Trust me, this is one of the greatest war movies of all time. Personally? I think it’s better that Saving Private Ryan. And in league Platoon, Full Metal Jacket, and Apocalypse Now. (Personally, my favorite war movie of all time? Definitely would be Jacob’s Ladder. But that’s just me, you do you… I really don’t mind you being wrong! hahaha.)

Let’s See Why Netflix’s All Quiet on the Western Front is a Must See

The movie opens with a jacket. Well, a jacket and a soldier. That soldier charges into a line of bullets so thick and so hopeless that he didn’t stand a chance. The jacket took a single bullet – and killed the man inside it. The jacket was pulled from the corpse, and sent off the front to be repaired and the redistributed to another new recruit named Paul Bäumer who had just enlisted in the Imperial German Army. He and his classmates get swept up in the hype of a patriotic speech of a school official. They are determined that their enlistments will single handedly turn the tide of this already (unknowingly) lost war. But quickly… literally immediately, their romantic wanderlust for glory and fame on the various battle lines of the Great War is snuffed out.

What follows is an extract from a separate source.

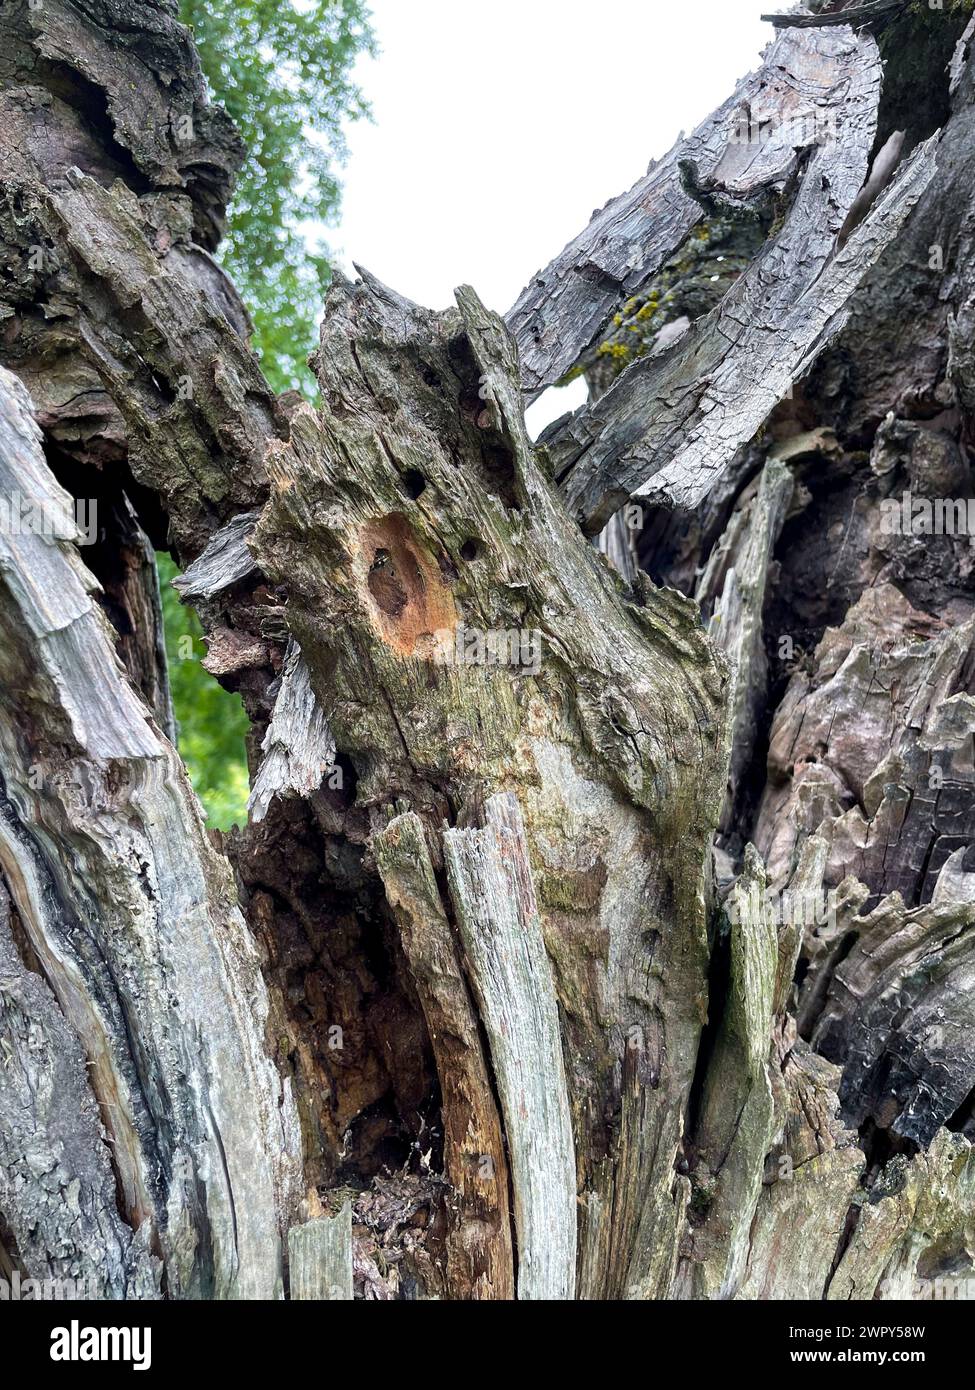 Höhle, Loch in einem alten knorrigen Baum, Zufluchtsort für Tiere Foto Stock

Their first duty on the Northern France line near La Malmaison? To use their helmets to bail out the drowning trenches. “This isn’t what I expected at all.” And, in that first night, Ludwig is killed by artillery.

Cut to, November 7th, 1918, and the German official Matthias Erzberger who, in an attempt to stop the horrendous loss of German life, began negotiating with the Allied powers for an armistice. But before he could start the talks, had to convince the German High Command to start the talks. Meanwhile, Paul and Kat break into a farm, and steal a goose. An extremely instrumental moment in the film, though it turns out well for them… this time. Franz, after their goose dinner, spends the night with a French woman, who gives him her scarf as a memento of their time together.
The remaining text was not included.